** Work instruction **
Exactly the lines from the one containing "Agents of S.H.I.E.LD. promo image" through the one containing "NBA season predictions" in the listing below are to be copied, with the pictures left out.

** Data extract **

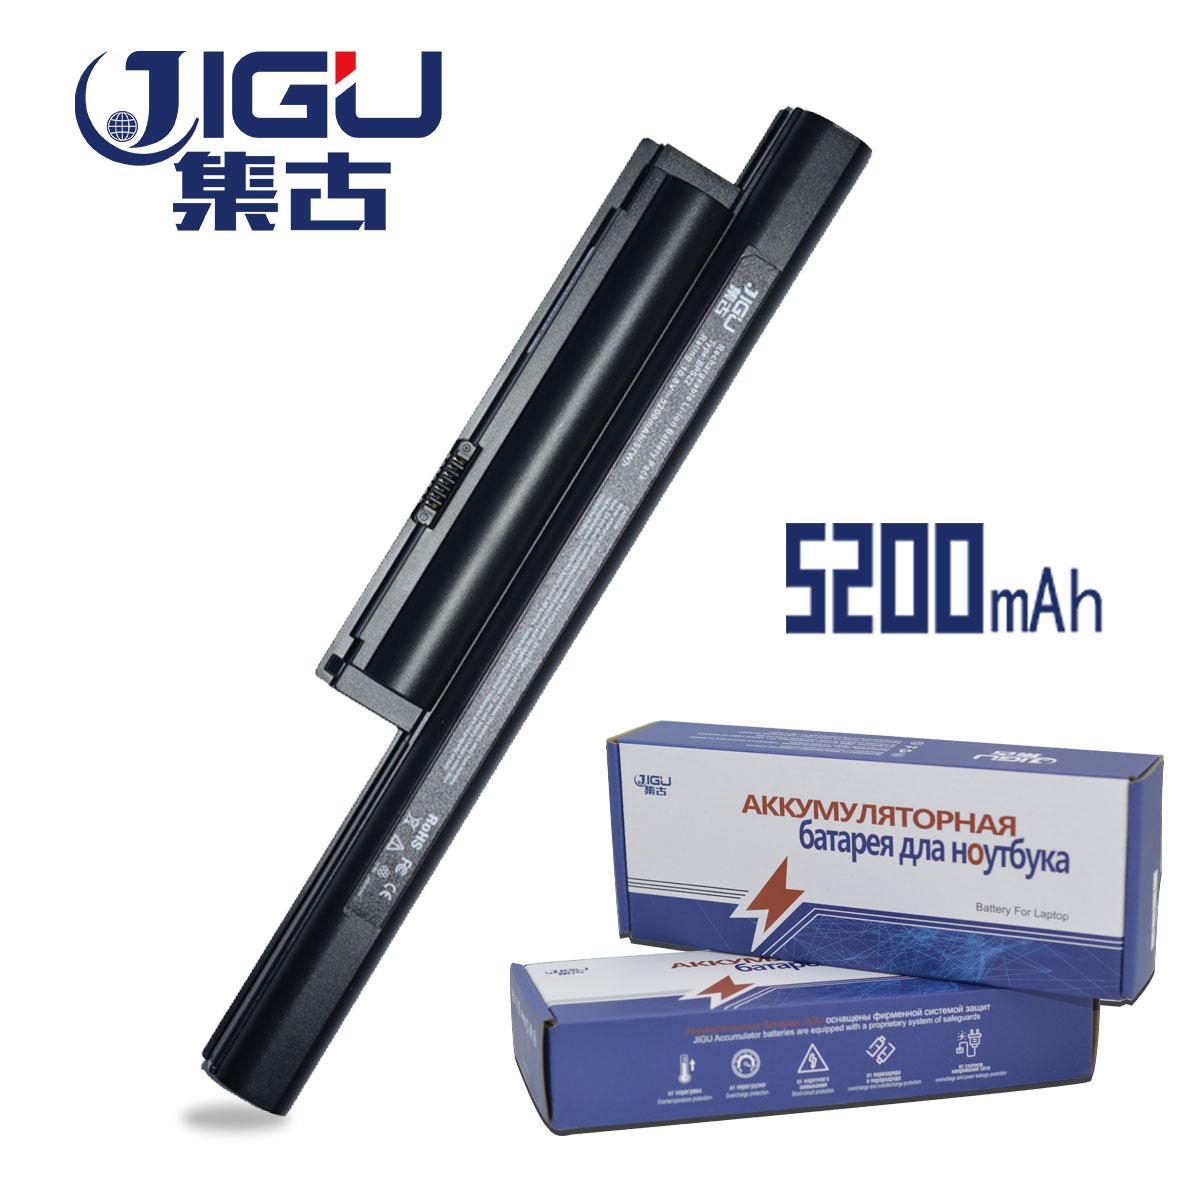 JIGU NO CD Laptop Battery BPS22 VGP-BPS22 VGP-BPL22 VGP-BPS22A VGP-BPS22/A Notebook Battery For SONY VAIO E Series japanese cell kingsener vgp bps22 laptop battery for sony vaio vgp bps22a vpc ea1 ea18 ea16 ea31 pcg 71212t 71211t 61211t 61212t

--

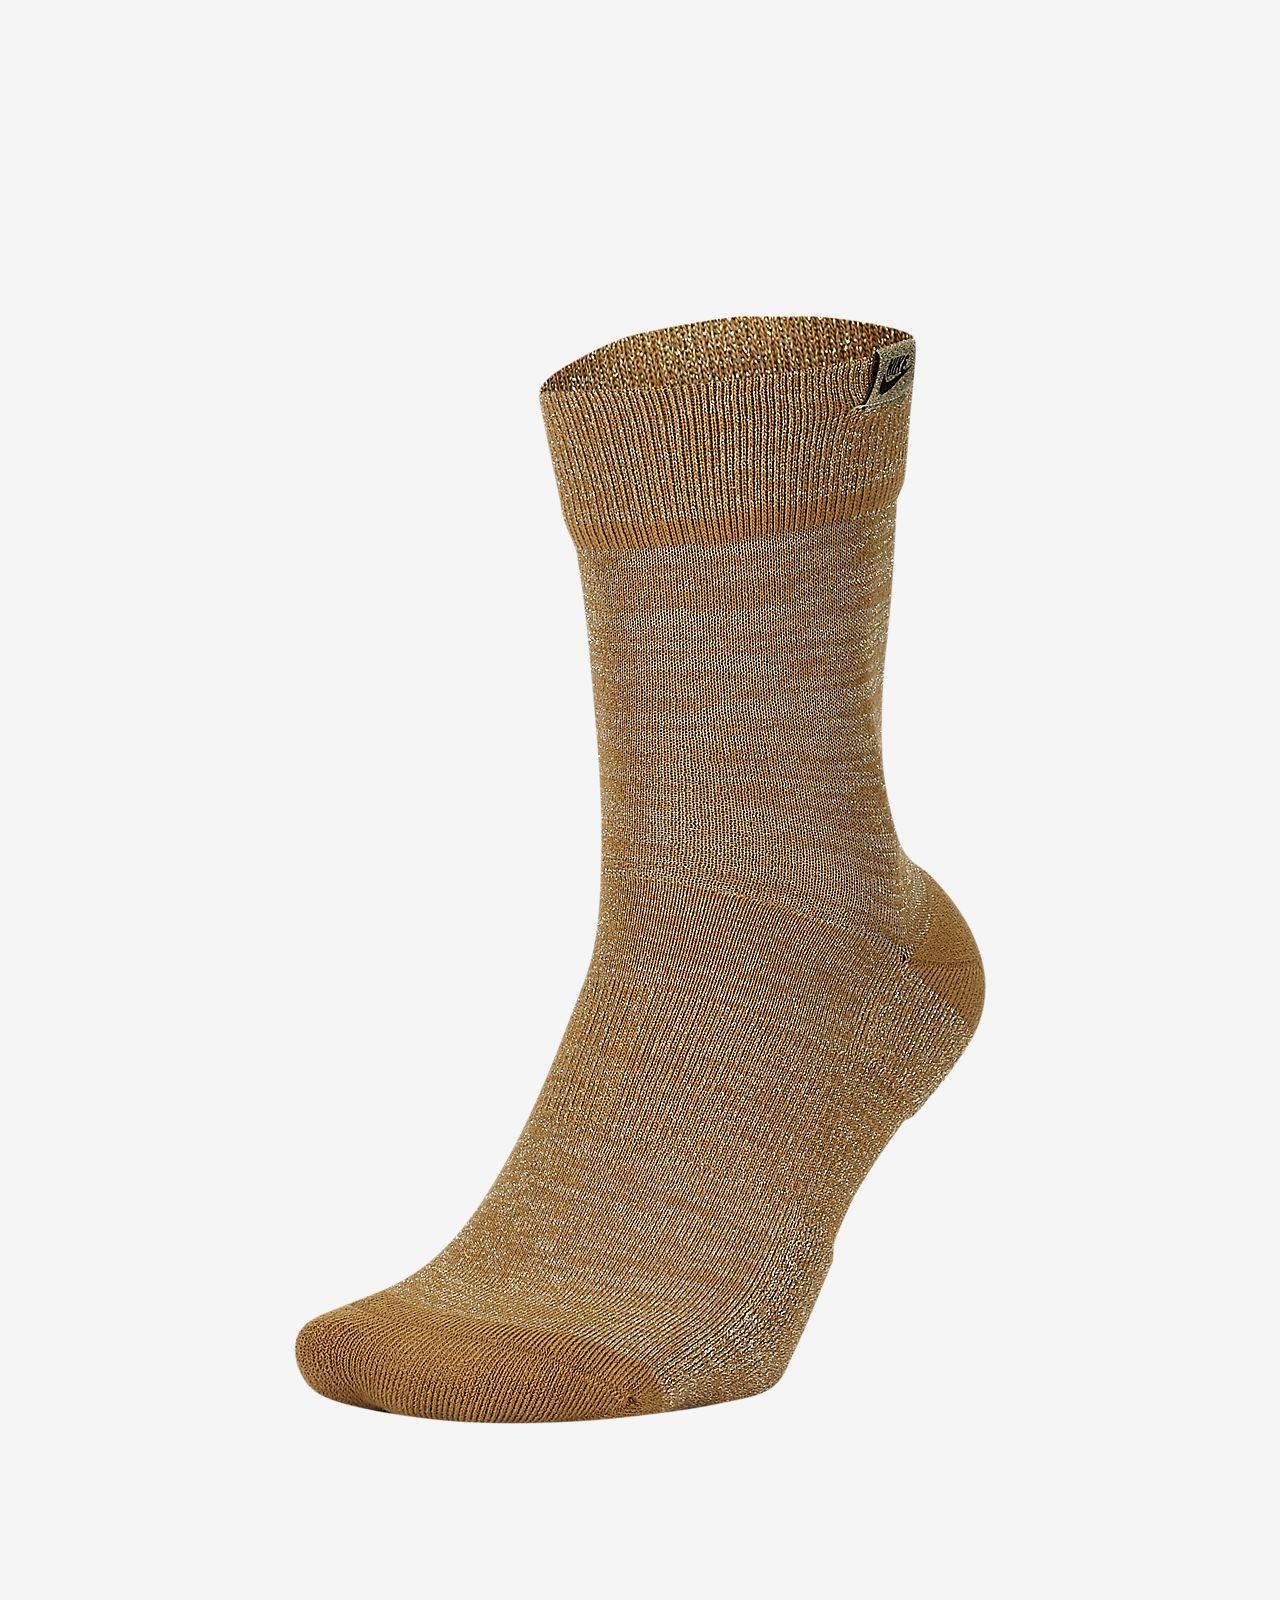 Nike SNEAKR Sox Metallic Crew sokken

==

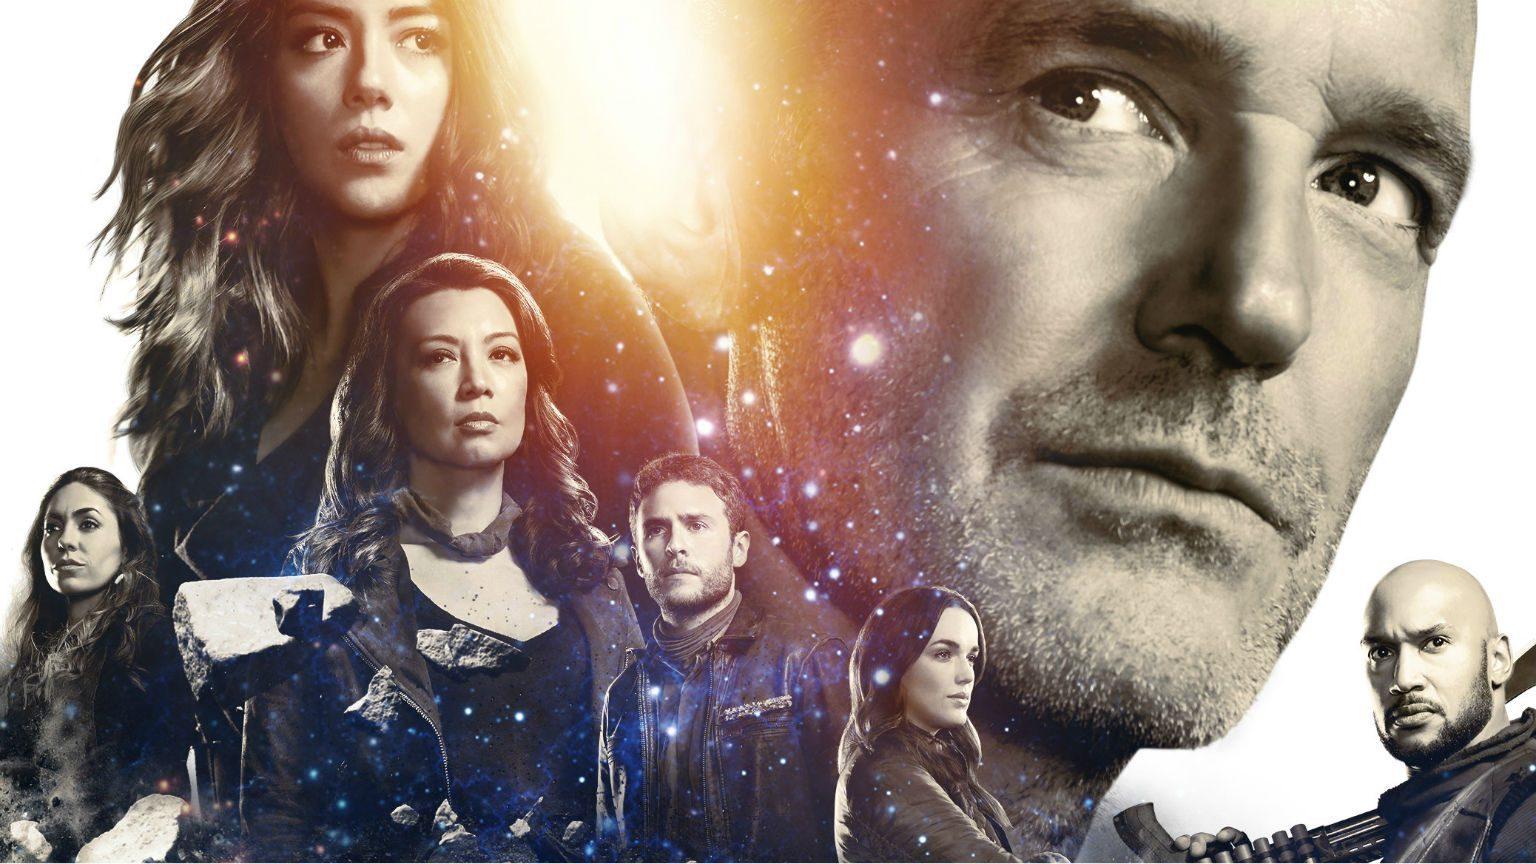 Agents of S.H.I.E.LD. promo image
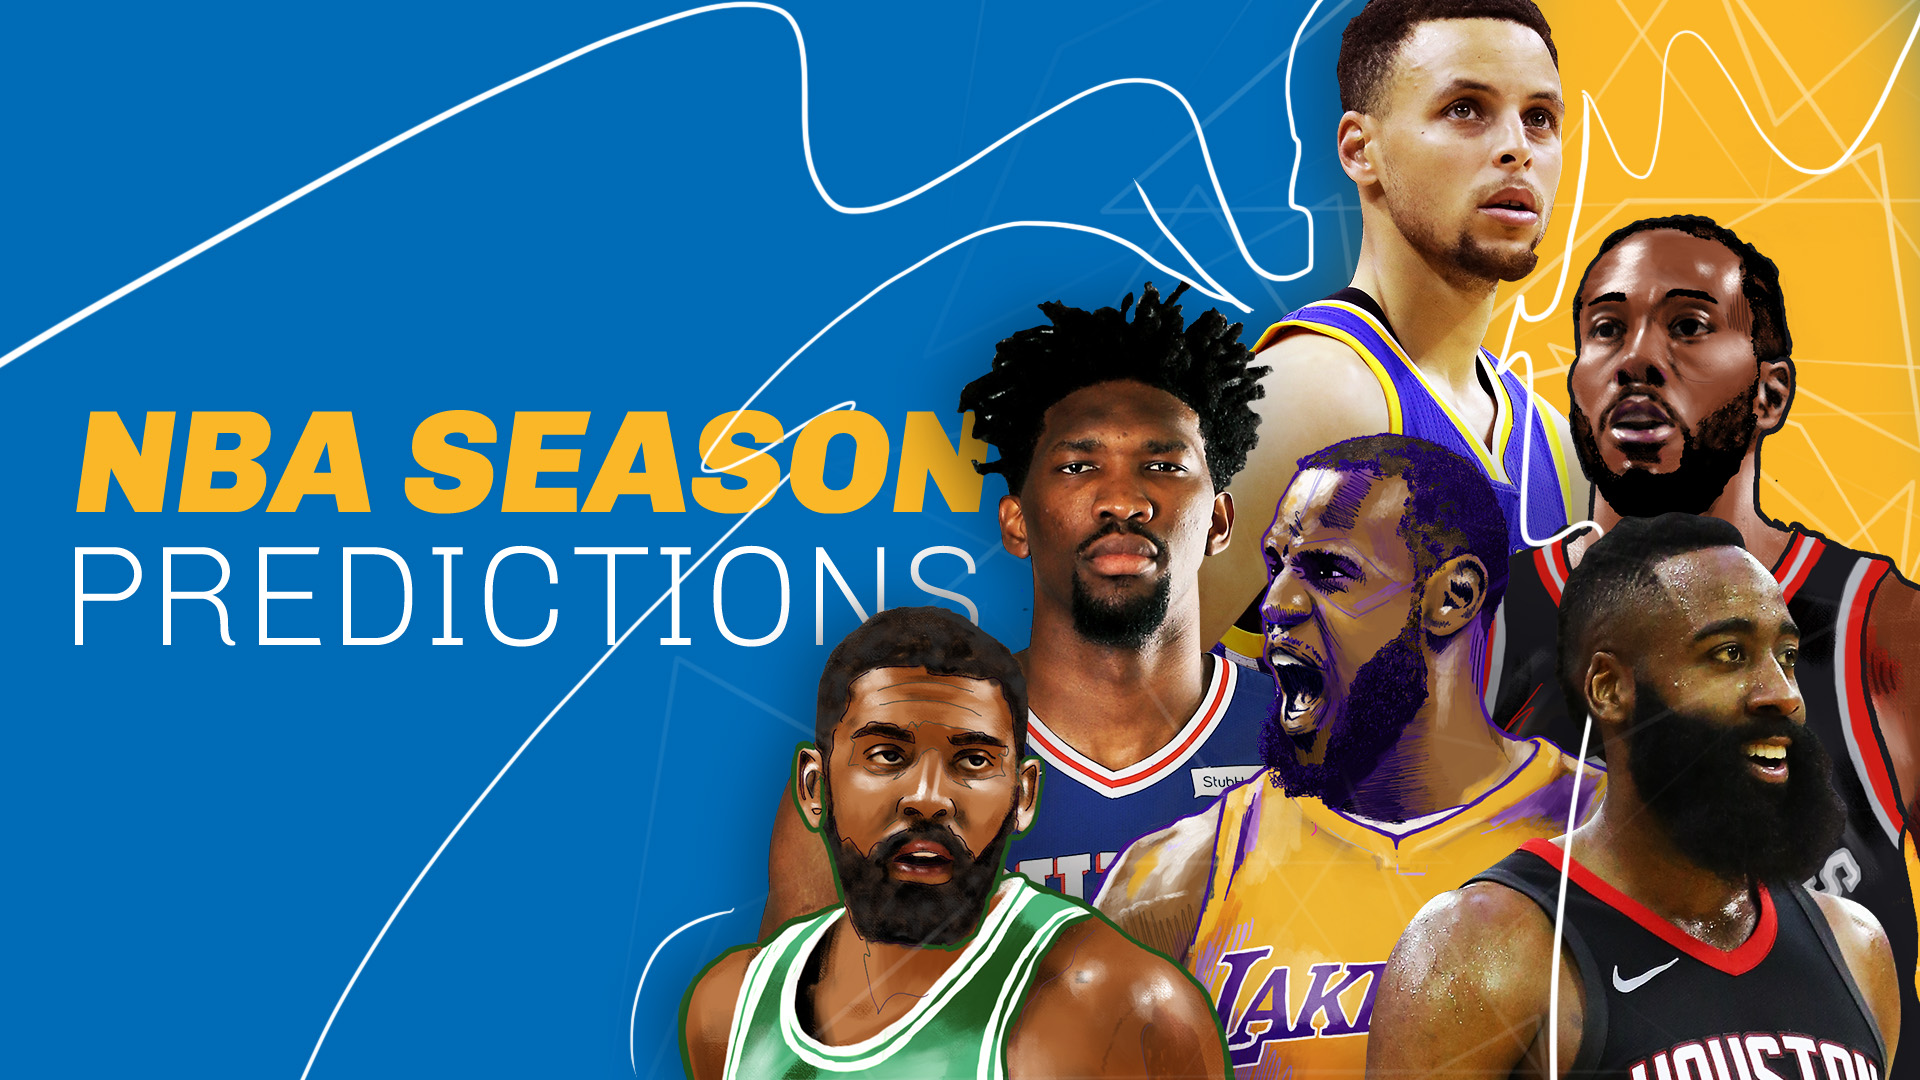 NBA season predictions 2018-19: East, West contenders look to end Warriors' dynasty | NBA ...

** Response to the task **
 Agents of S.H.I.E.LD. promo image
 NBA season predictions 2018-19: East, West contenders look to end Warriors' dynasty | NBA ...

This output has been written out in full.